BatchElements and Tasks
The components of CHEESE process data in the form of the BatchElement object. These are communicated between the components using the Task object, which essentially serves as a container for some BatchElement.
- class cheese.data.BatchElement(client_id: int = - 1, trip: int = 0, trip_start: str = 'client', trip_max: int = 1, error: bool = False, start_time: float = - 1.0, end_time: float = - 1.0)[source]
Abstract base class for BatchElements. Store all kinds of data being passed around CHEESE
- Parameters
client_id (int) – The ID of the last client that touched this data
trip (int) – How many targets have touched/accessed this data so far
trip_start (str) – First target for data (“client” or “model”) after it is queued by pipeline. Defaults to “client”.

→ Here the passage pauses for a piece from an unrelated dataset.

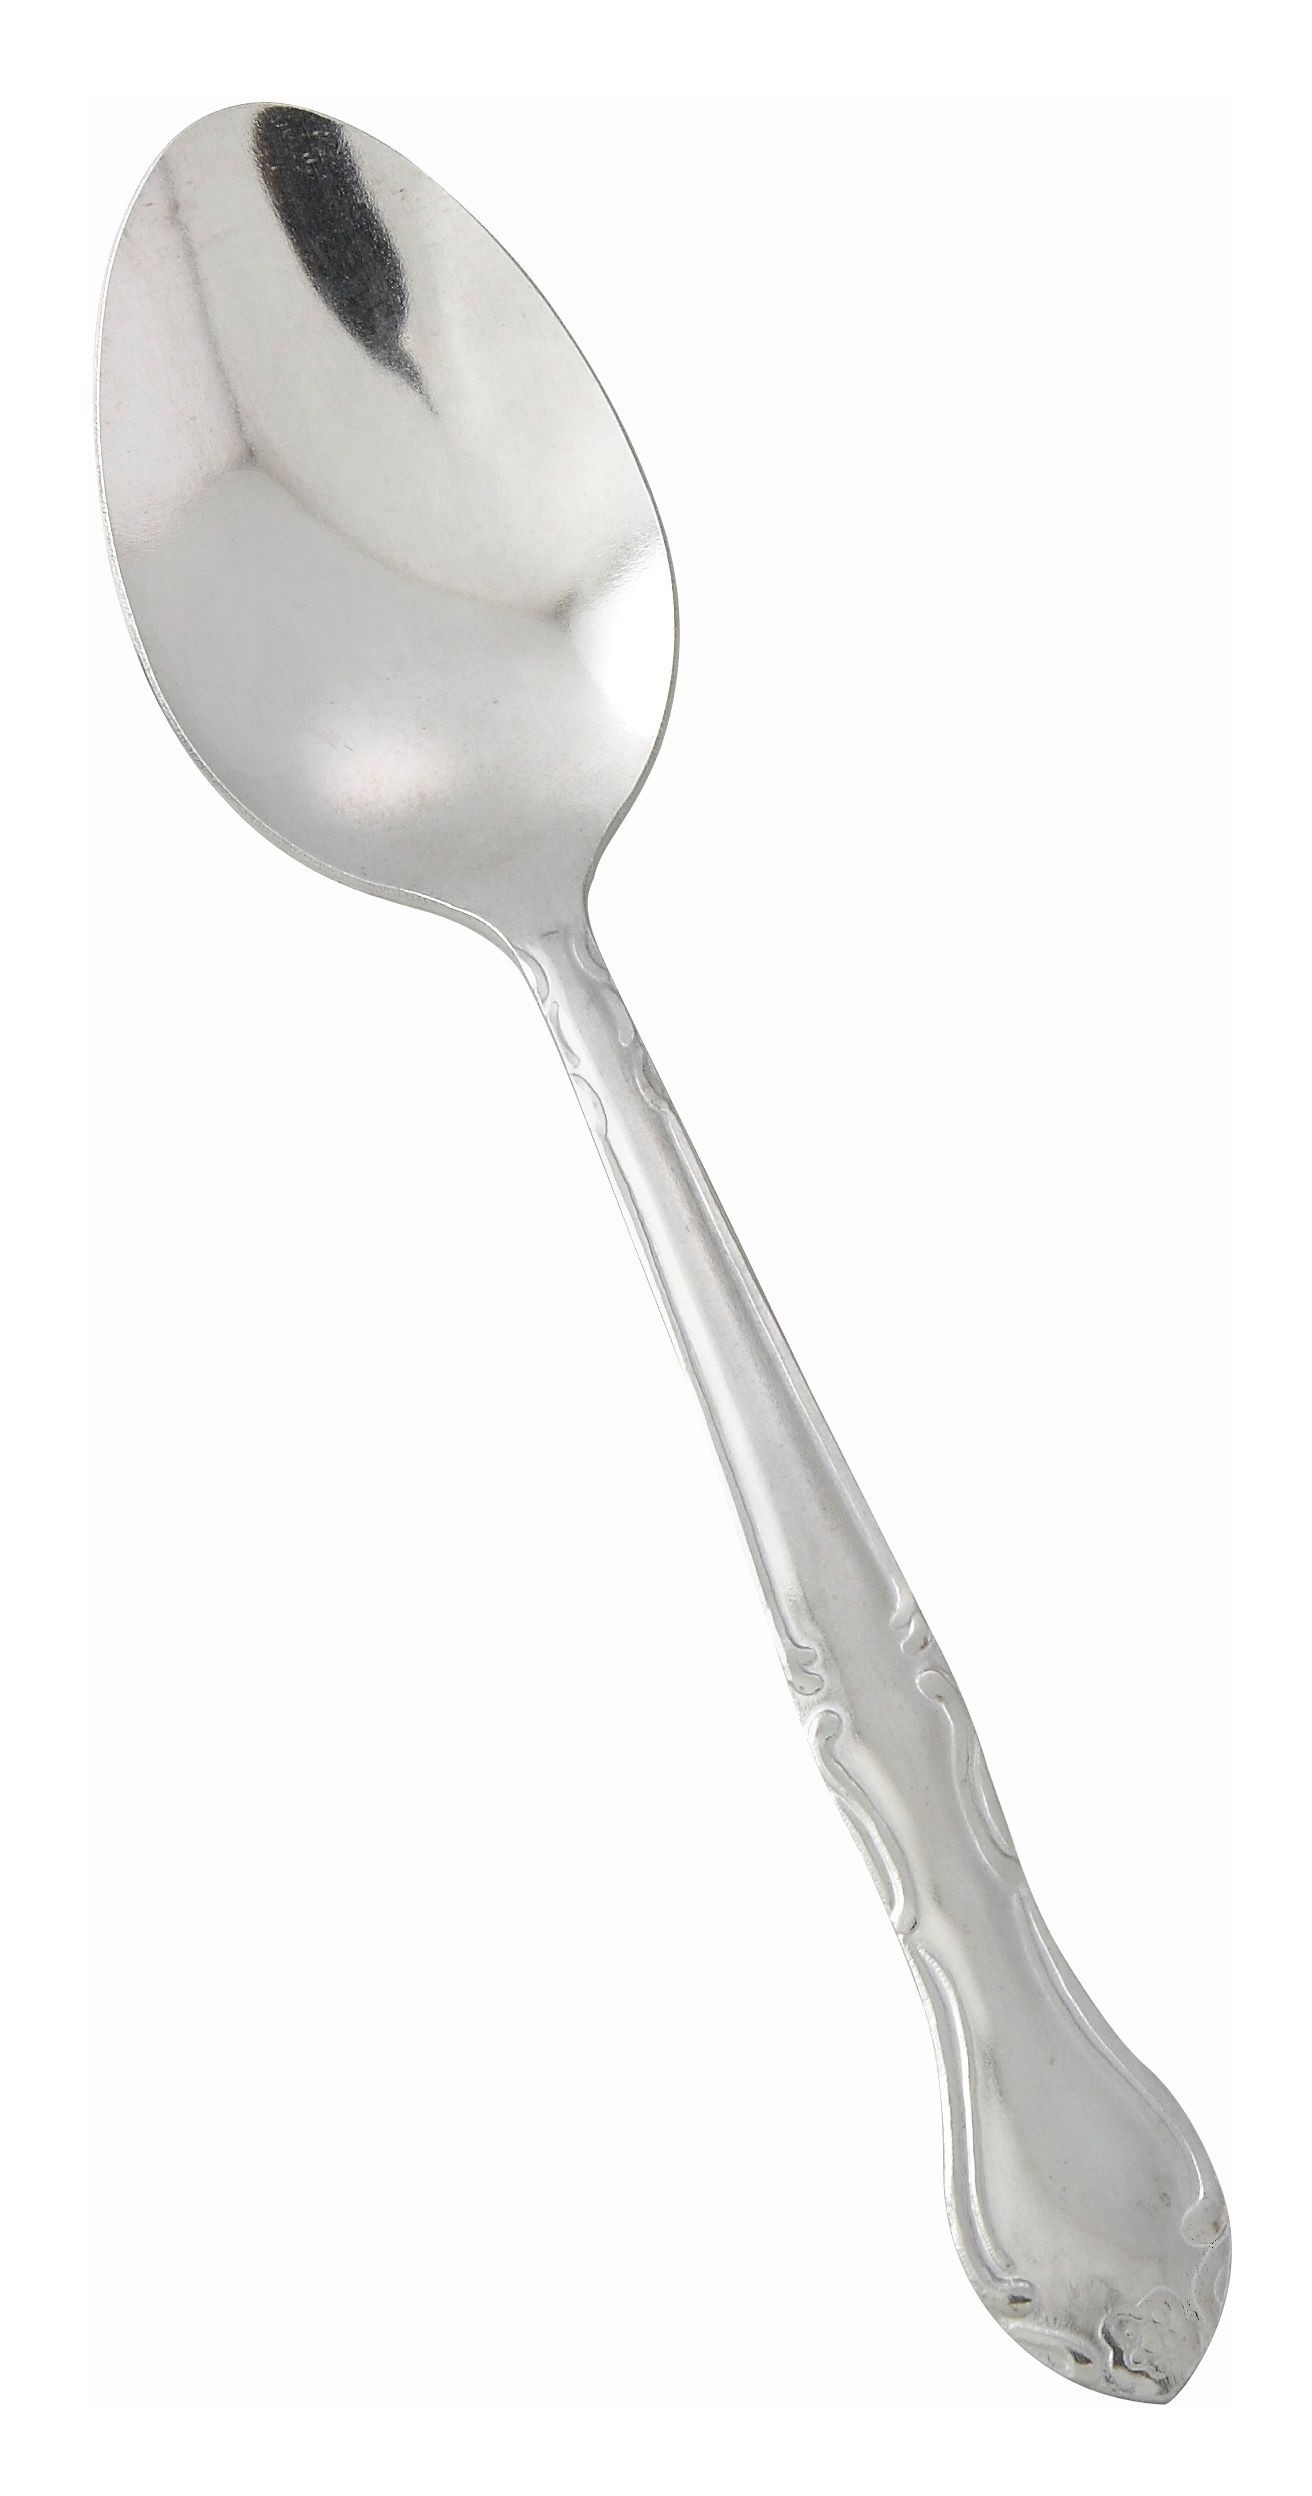 Winco 0004-03 Elegance Heavy Weight Vibro Finish Stainless Steel Dinner Spoon (12/Pack)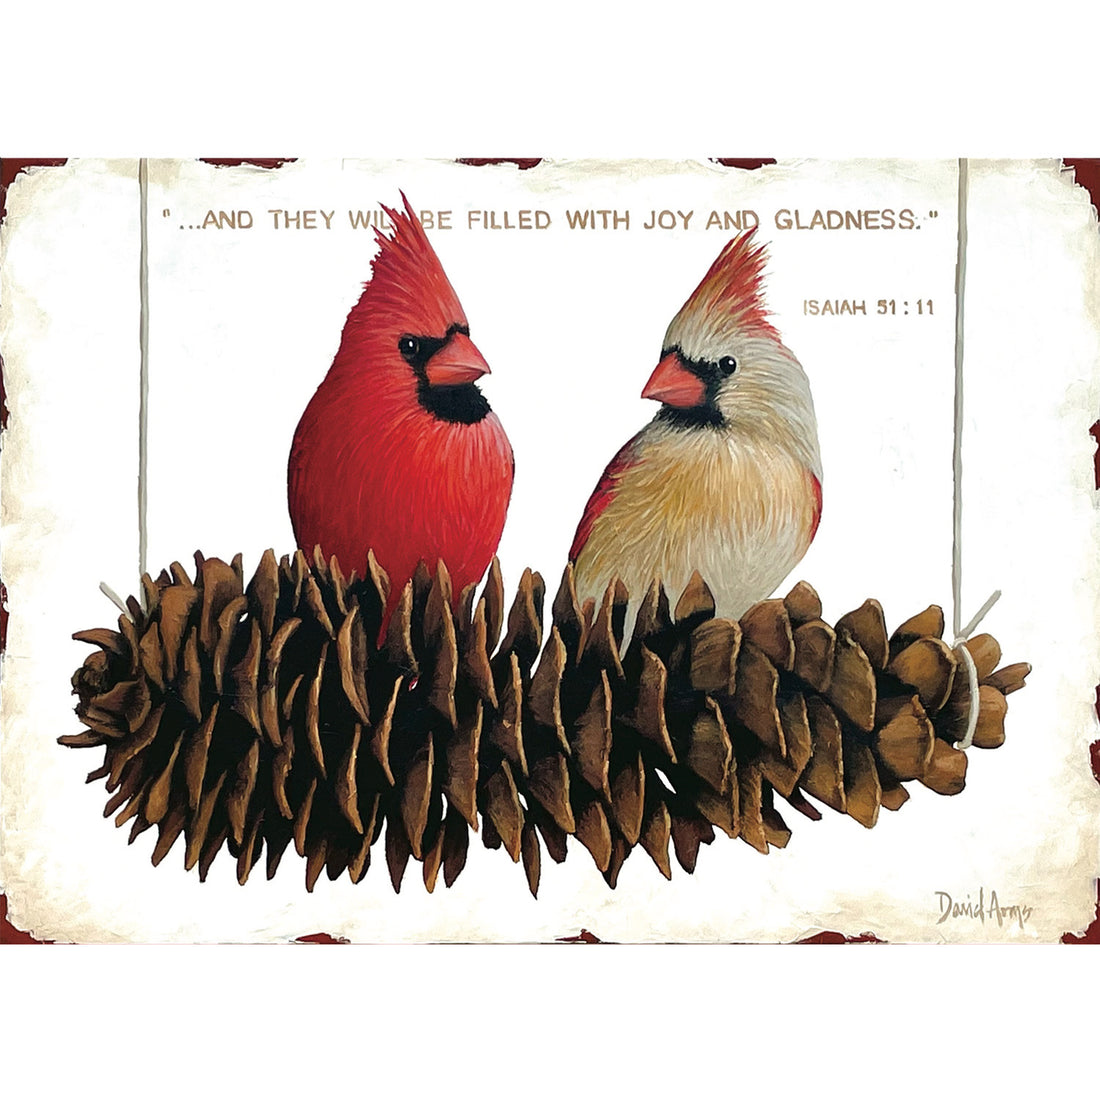 An illustration of two cardinals, a red male and a brown female, resting on a pinecone over a light tan background, with Bible quote &quot;Isaiah 51:11&quot; printed over the birds&

trip_max (int) – How many targets can touch/access this data before it goes back to pipeline to be posted
error (bool) – A flag for frontend to mark the data as being erroneous (i.e. if it couldn’t be labelled properly). While it doesn’t do this by default, it is reccomended you account for errors in Pipeline.post()
start_time (float) – Timestamp for when data was first given to a client
end_time (float) – Timestamp for when data was sent back to pipeline
As an explanation for the trip attribute to BatchElement, consider the following cases. Suppose we want user to just label some data being read from a dataset, then write their labels to a new dataset. Then trip_max of 1 would result in the data visiting user then immediately going back to pipeline. Now suppose instead we want user to look at data and prompt a generation from a generative model, then label the generation along with the original data. We’d set trip_max of 3 for this since the data is visiting user, model then user again. Once trip becomes trip_max, the data is sent back to pipeline. In the case where it is 2, then the data will be sent back to the pipeline from the model.
- class cheese.tasks.Task(data: Optional[cheese.data.BatchElement] = None, client_id: int = - 1, terminate: bool = False)[source]
Tasks to communicate between the components in the cheese.
- Parameters
data (BatchElement) – The data contained in the task
client_id (int) – The ID of the client that is meant to receive this task
terminate (bool) – A flag to tell the client to terminate